Start of EXERCISE DATA
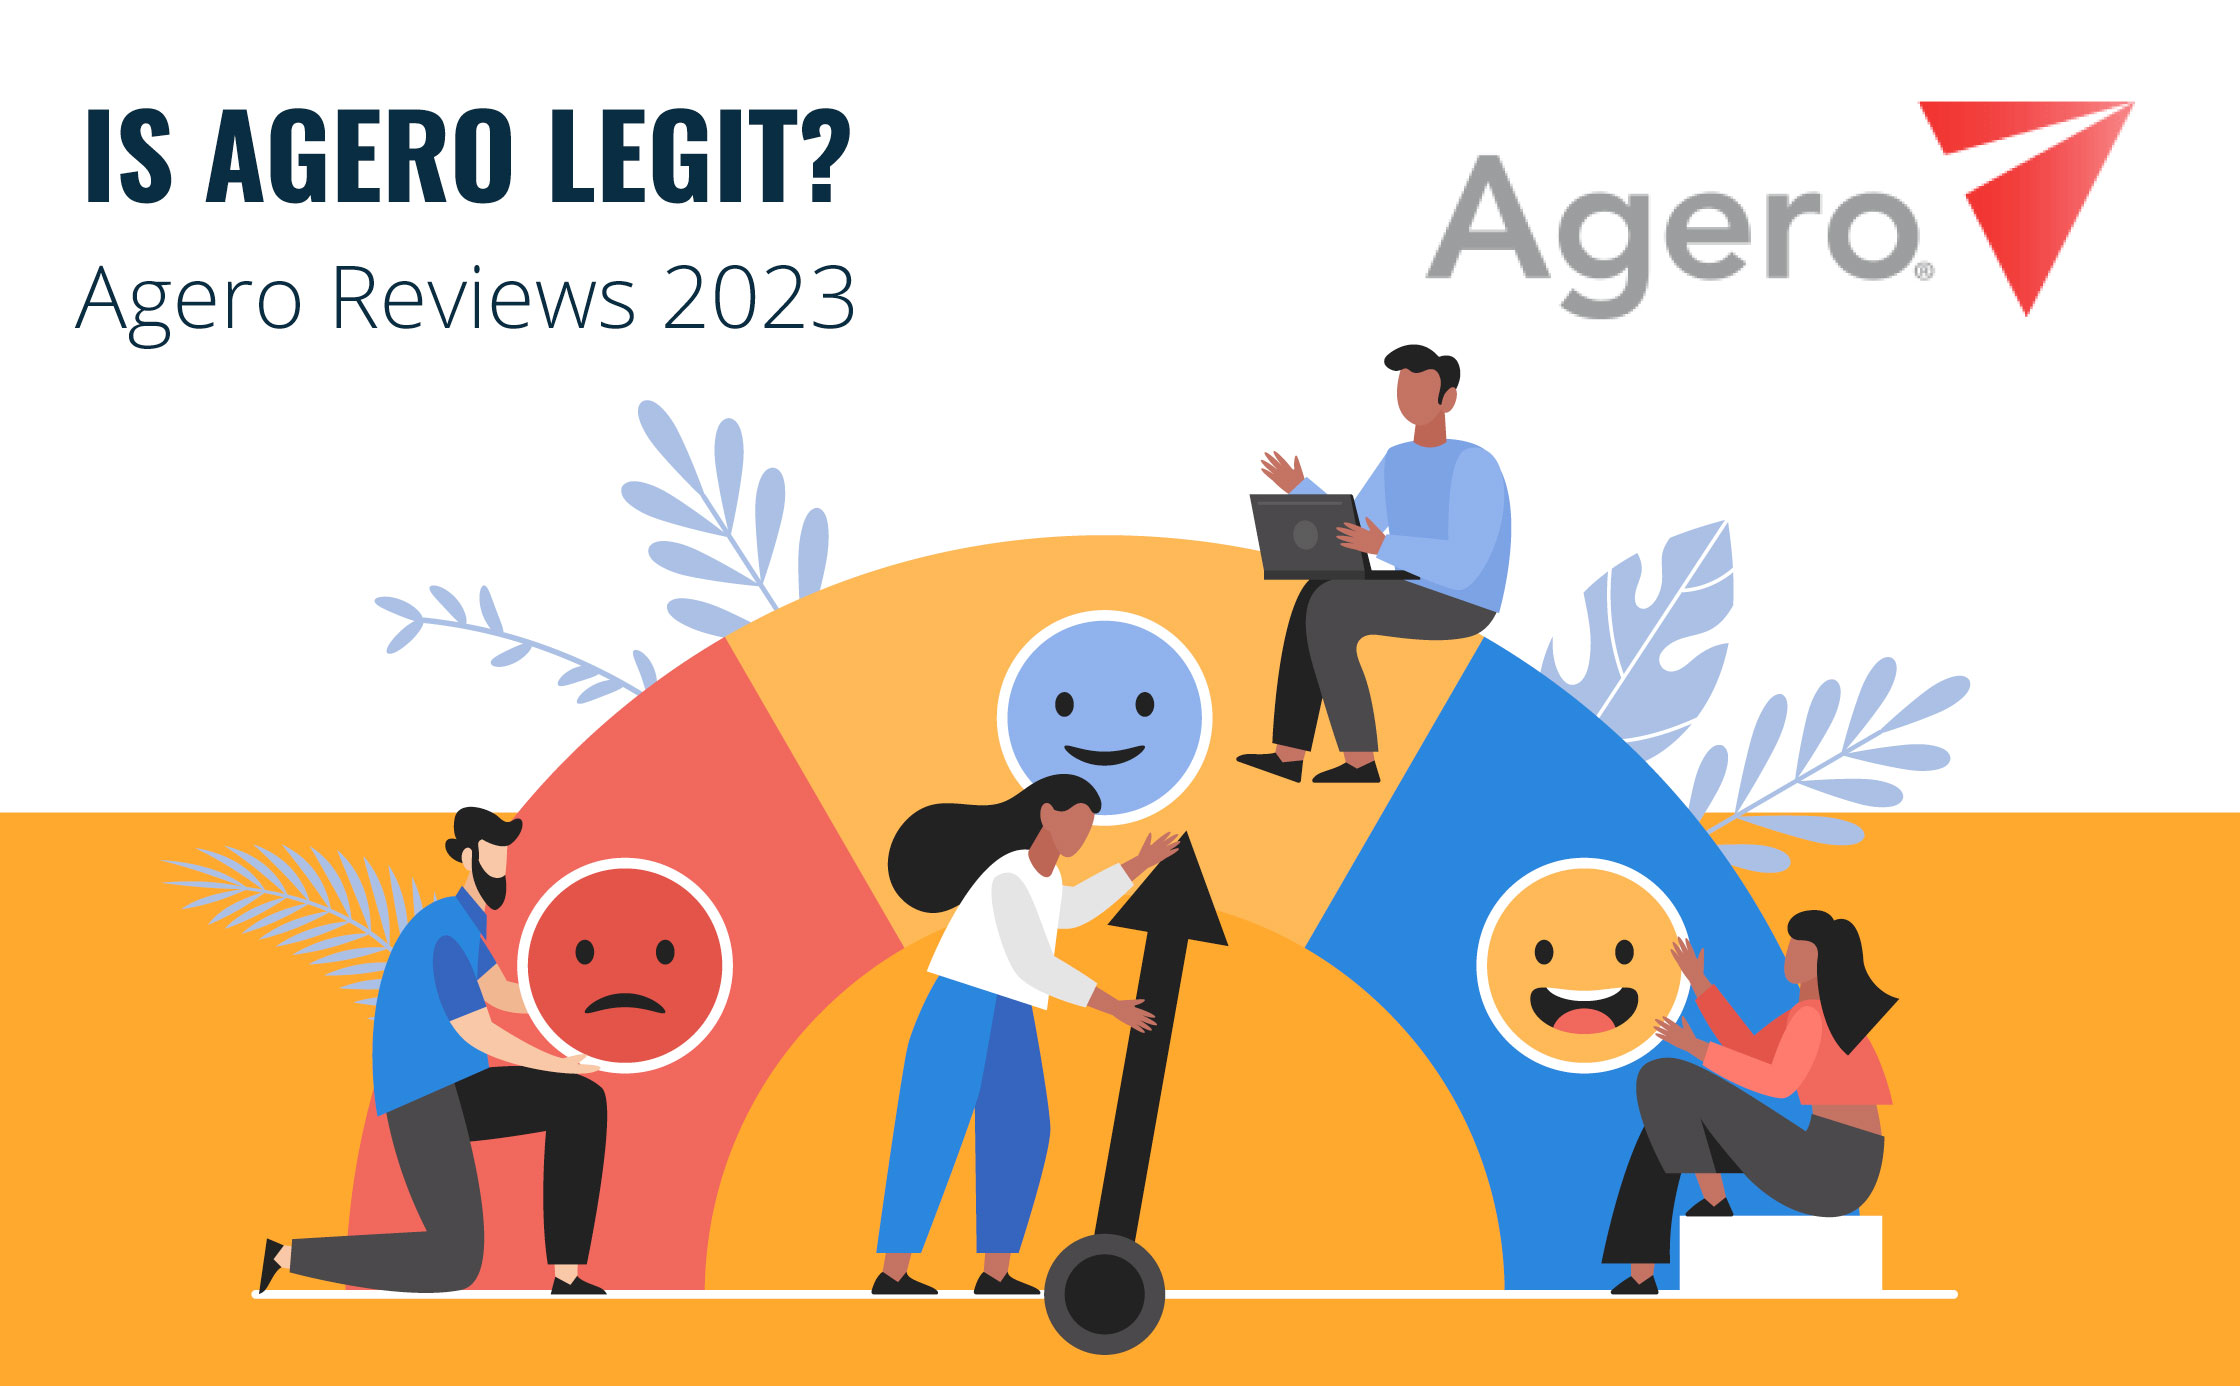 Agero Reviews 2023: Is Agero Legit?
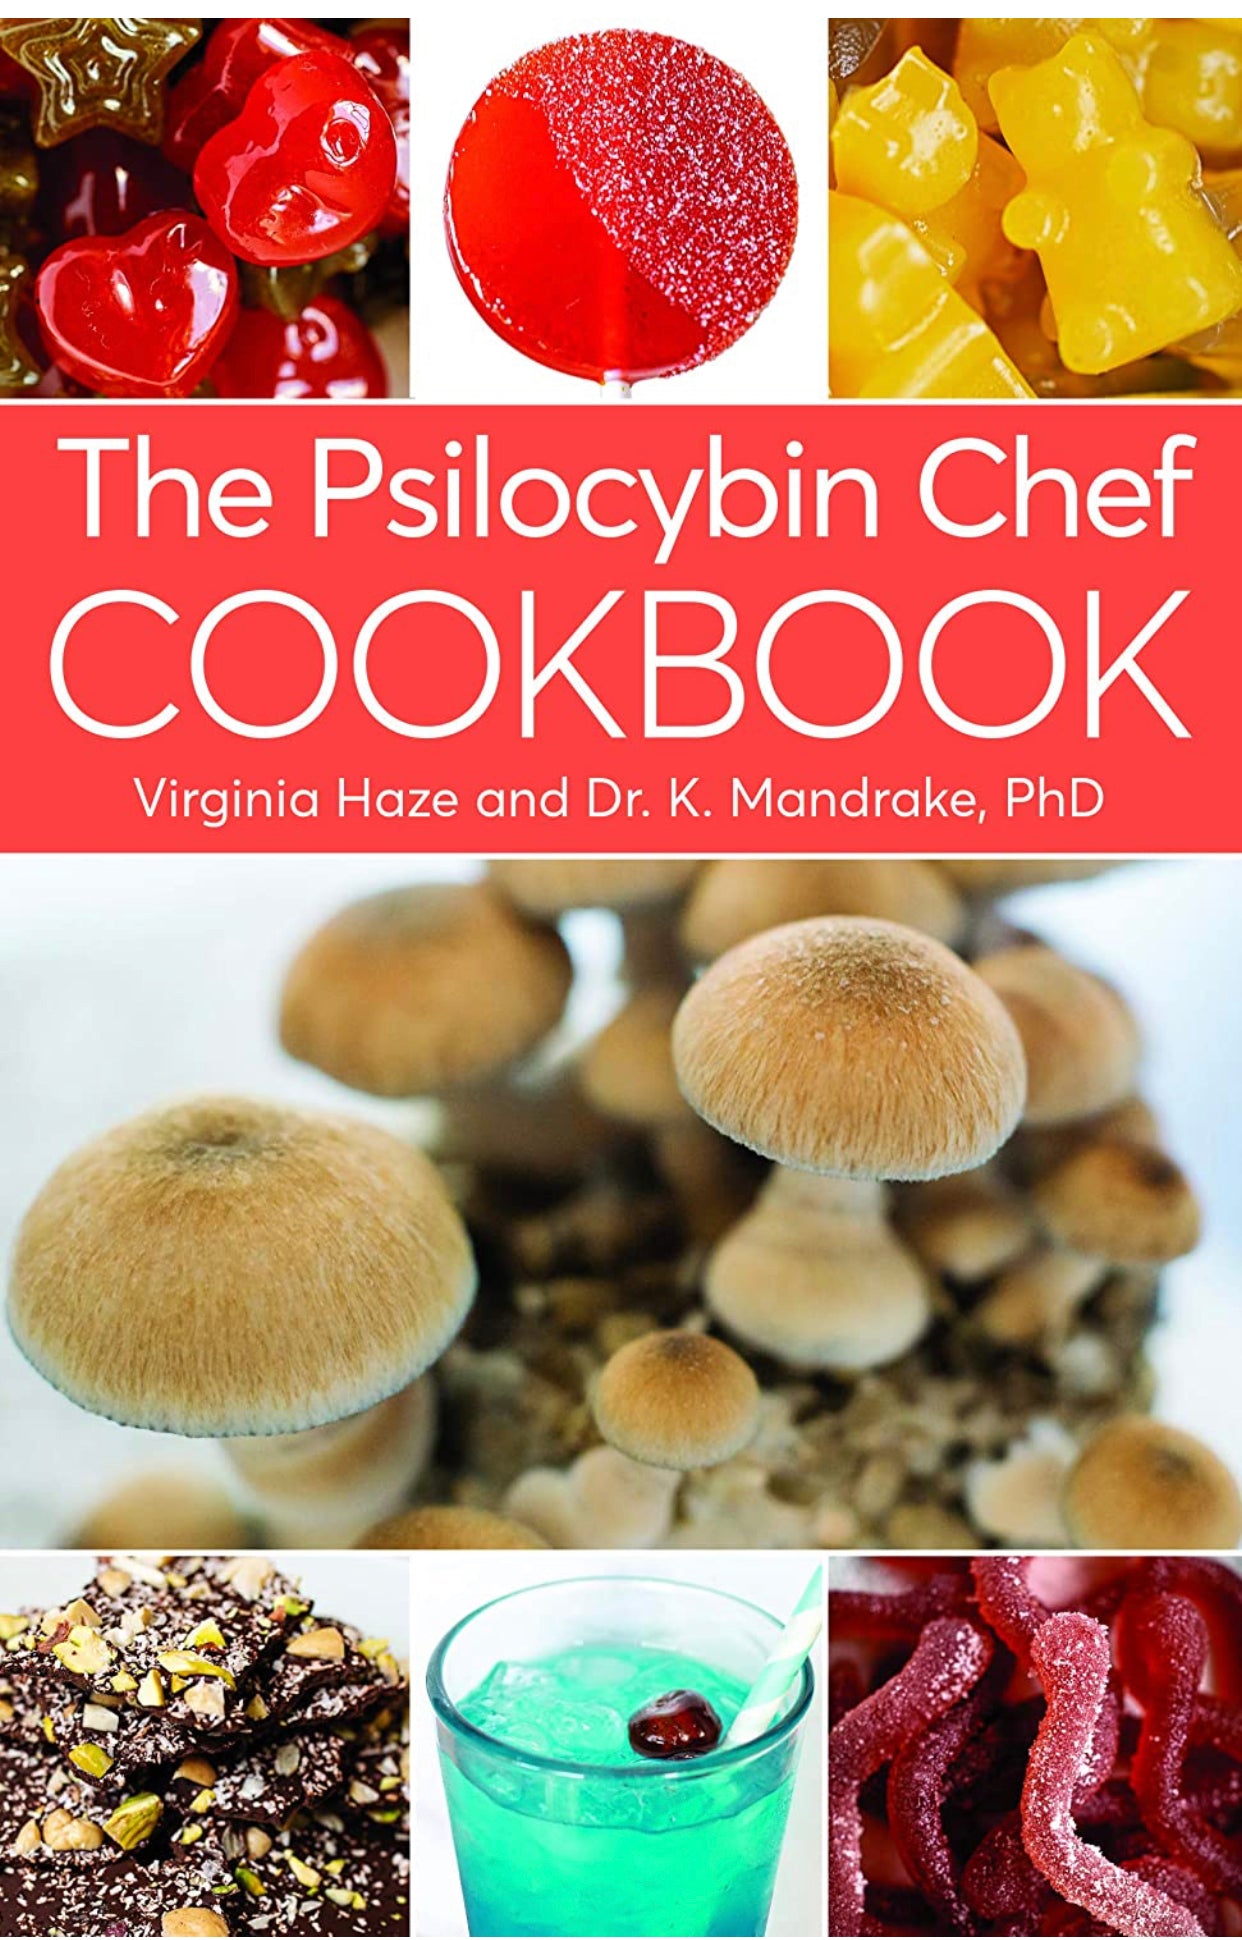 MycoPunks - The Psilocybin Chef Cookbook (paperback) - Book
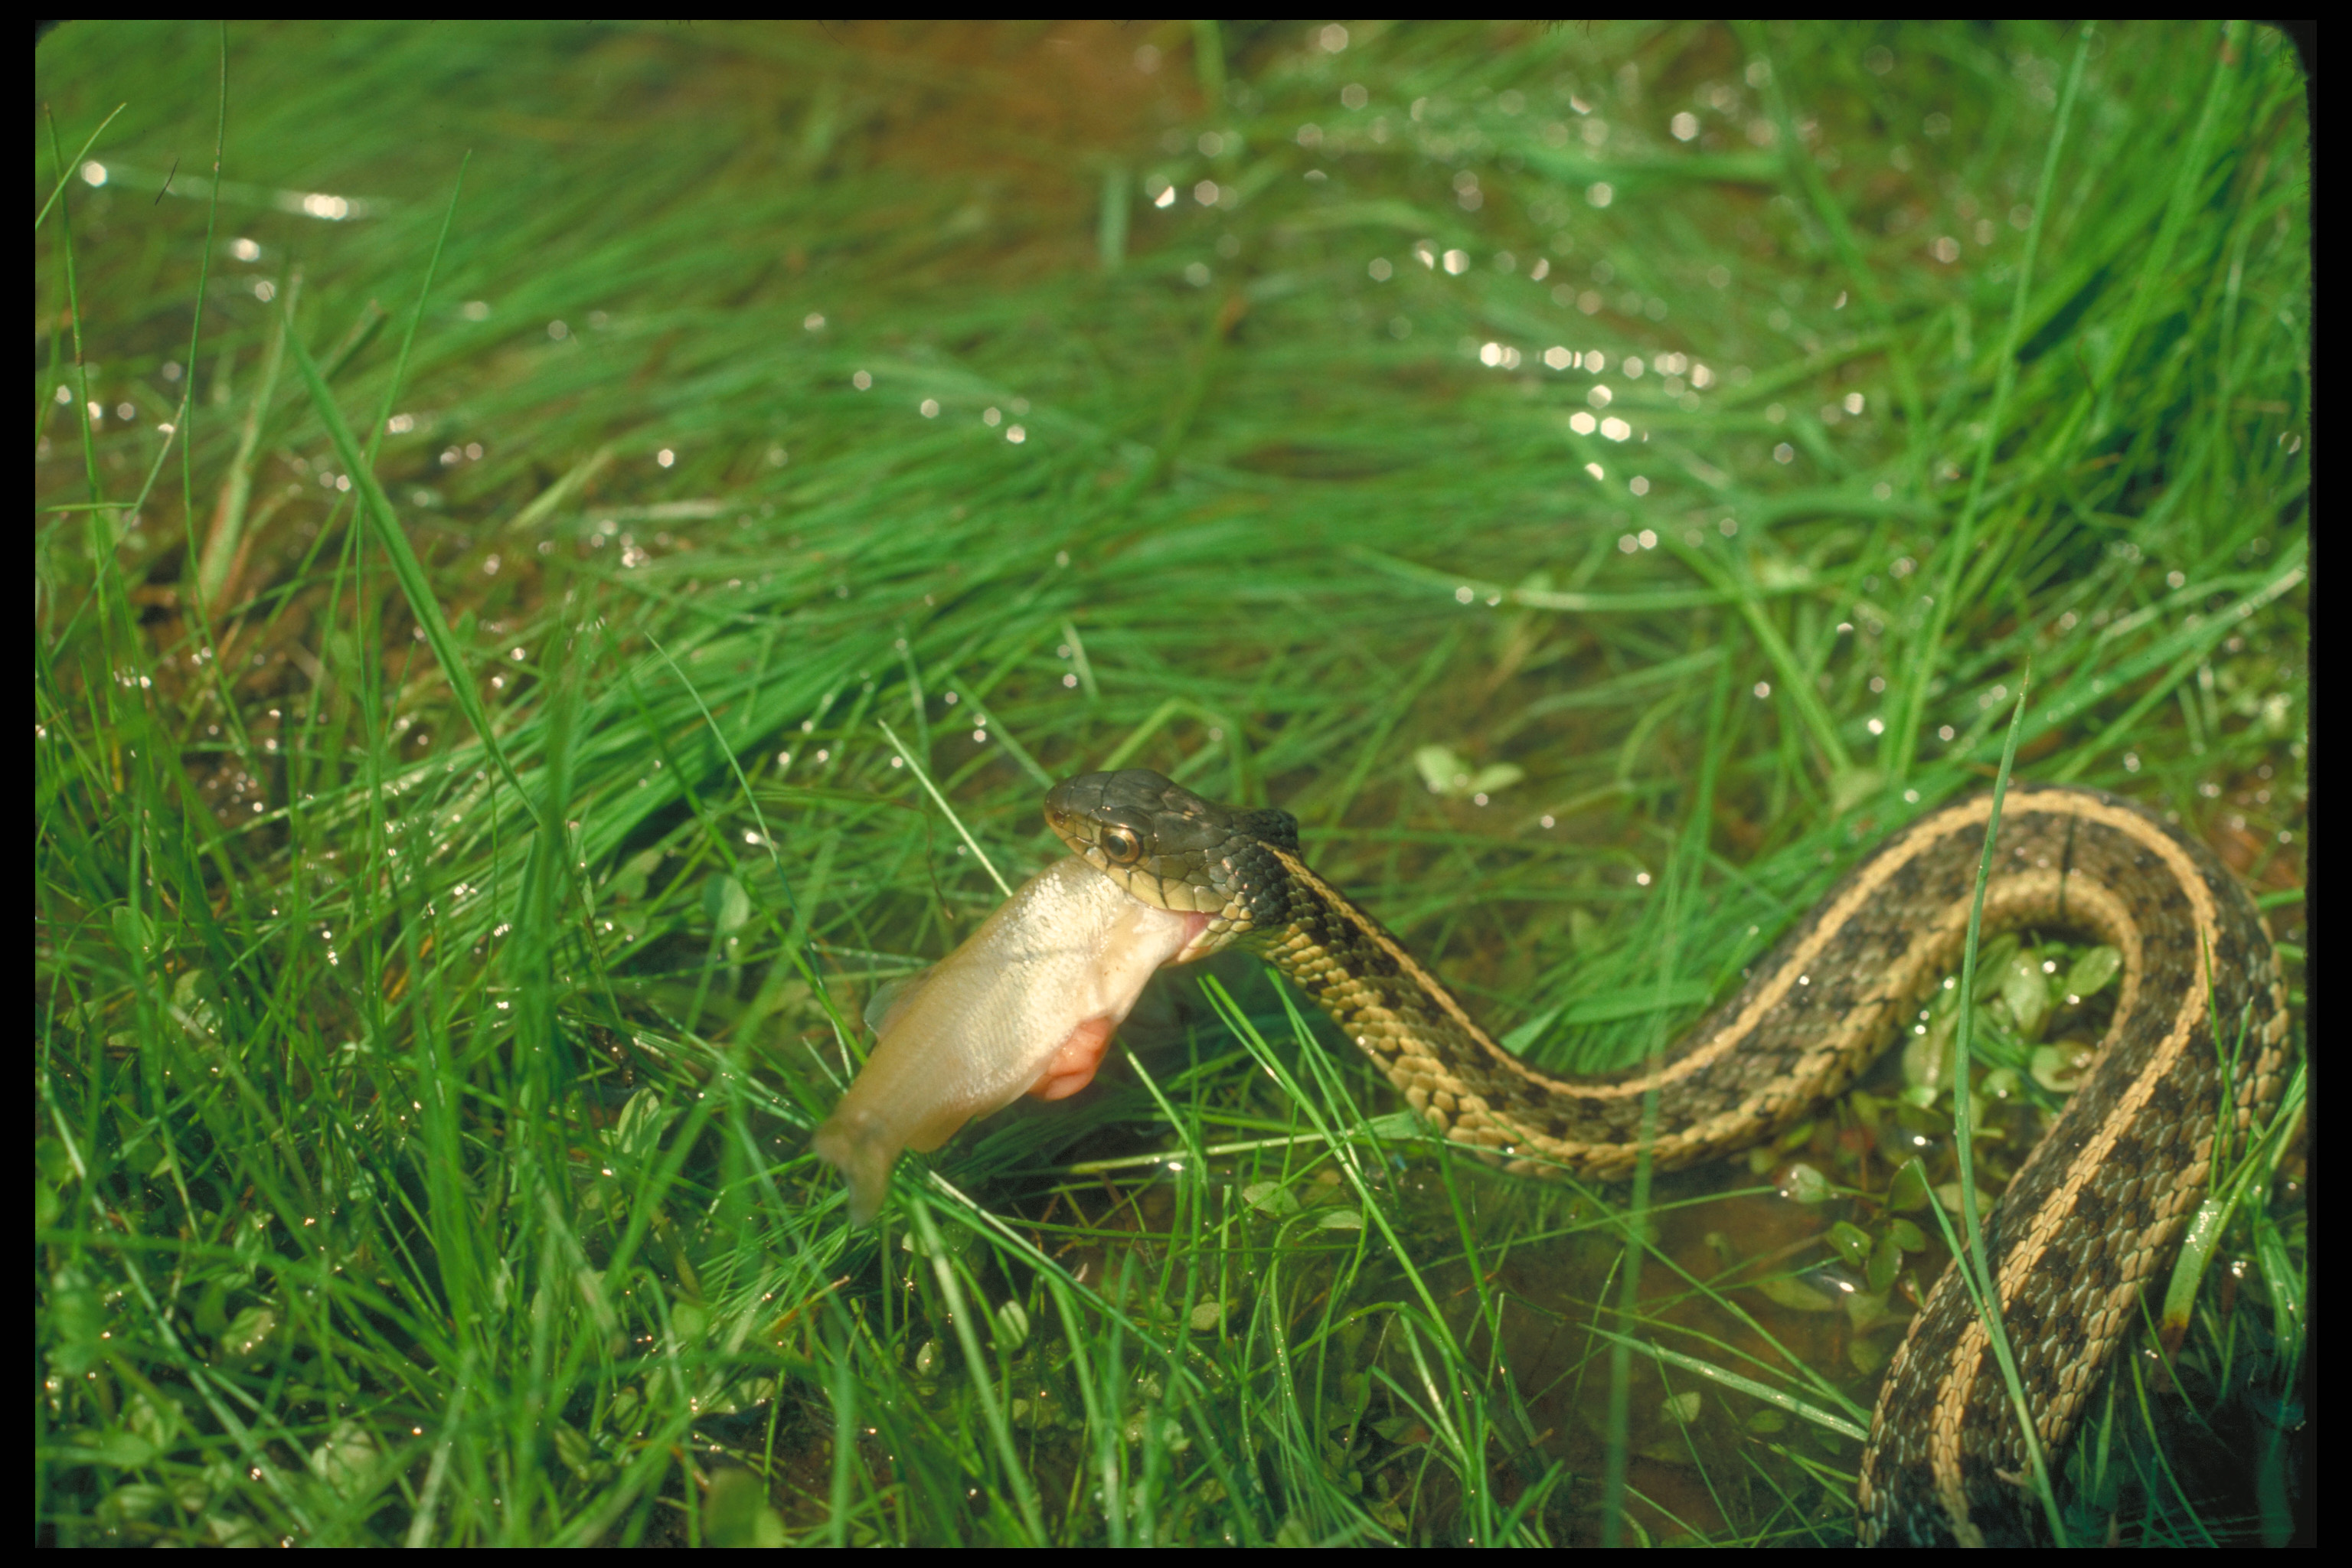 About Garter Snakes How Do Garter Snakes Hnadle Their Prey
End of EXERCISE DATA
Could the lines from the one with "MycoPunks - The" through the last line of the material above be written out exactly, both included, with pictures left out?

- _RESULT FOR THIS EXERCISE_:
 MycoPunks - The Psilocybin Chef Cookbook (paperback) - Book
 About Garter Snakes How Do Garter Snakes Hnadle Their Prey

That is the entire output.